The well known Dot Plot by the Federal Open Market Committee (FOMC) as part of its economic projectio materials on a quarterly basis.
It is noteworthy that Jerome Powell warned investors of taking the Dots too literally. While the Dot Plot is widely followed, regular readers of the FOMC’s projections will quickly note how volatile the committee’s predictions are, given the generally high uncertainty about future economic developments. Nevertheless, there is still value in it.
First of all, the Dots for the current year help investors gauge the near-term development of the Federal Funds Rate and thus help fix short-term interest rates. The FOMC’s longer-run rate expectation, on the other hand, has so far remained pretty stable and reflects the bank’s assessment of long-term equilibrium growth and inflation dynamics.
“They’re not a committee forecast, they’re not a plan. The dots are not a great forecaster of future rate moves. And that’s because it’s so highly uncertain.” (Jerome Powell)
Obviously, you can see the Dot Plot in the FOMC’s materials, so why should you bother replicating it yourself?

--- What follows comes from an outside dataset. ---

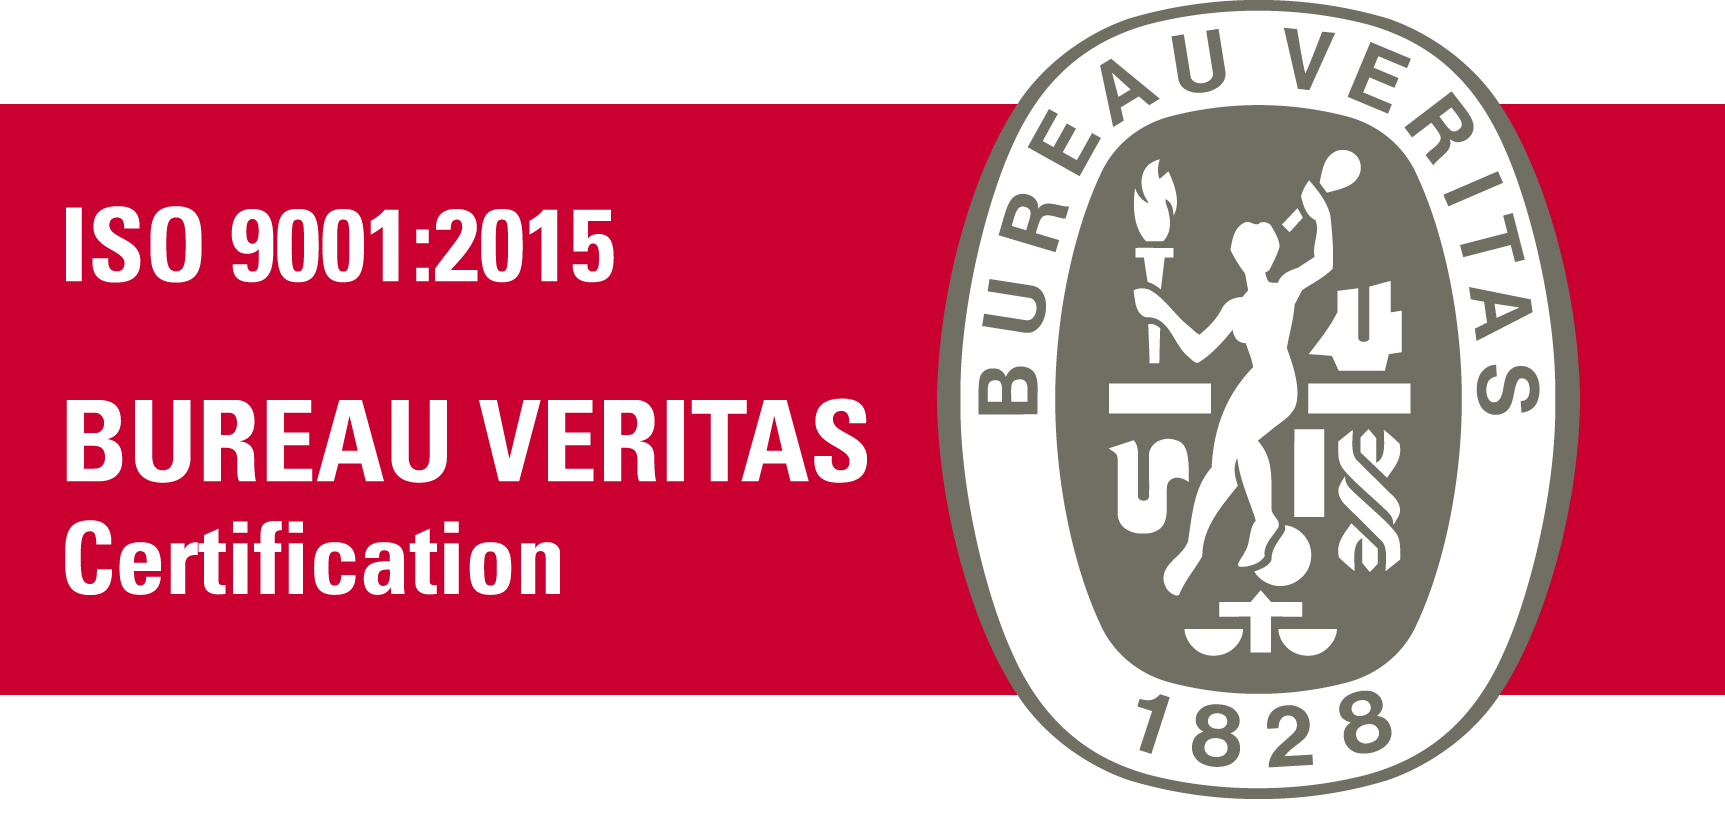 Bureau Veritas - Certification ISO 9001:2015
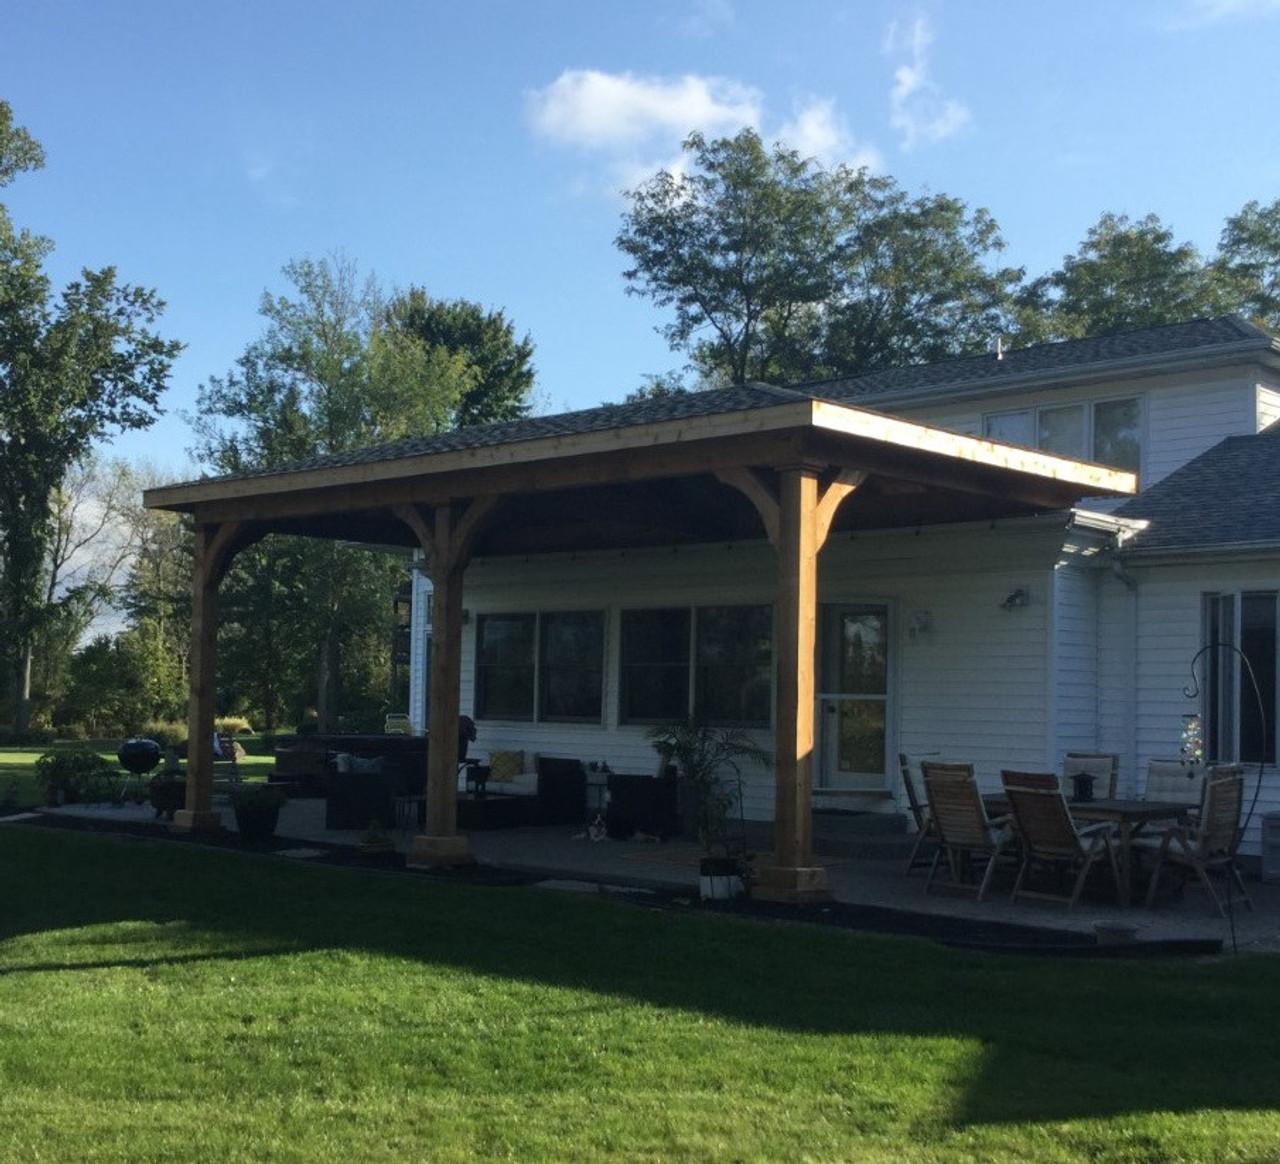 14x28 Grand Cedar Pavilion Kit, Lockport, New York

This article addresses a whole bunch of challenges related to data retrieval, processing and visualization:
- How to automatically retrieve the FOMC’s projections and make them machine-readable in Python?
- How to construct the Dot Plot in Python using Plotly?
- How to export the Plotly graphic as a static image or dynamic HTML file?
- How to create a dynamic, animated version of it that allows us to put the current Dots historically into perspective?
- How to host the dynamic HTML version of our graphic on GitHub?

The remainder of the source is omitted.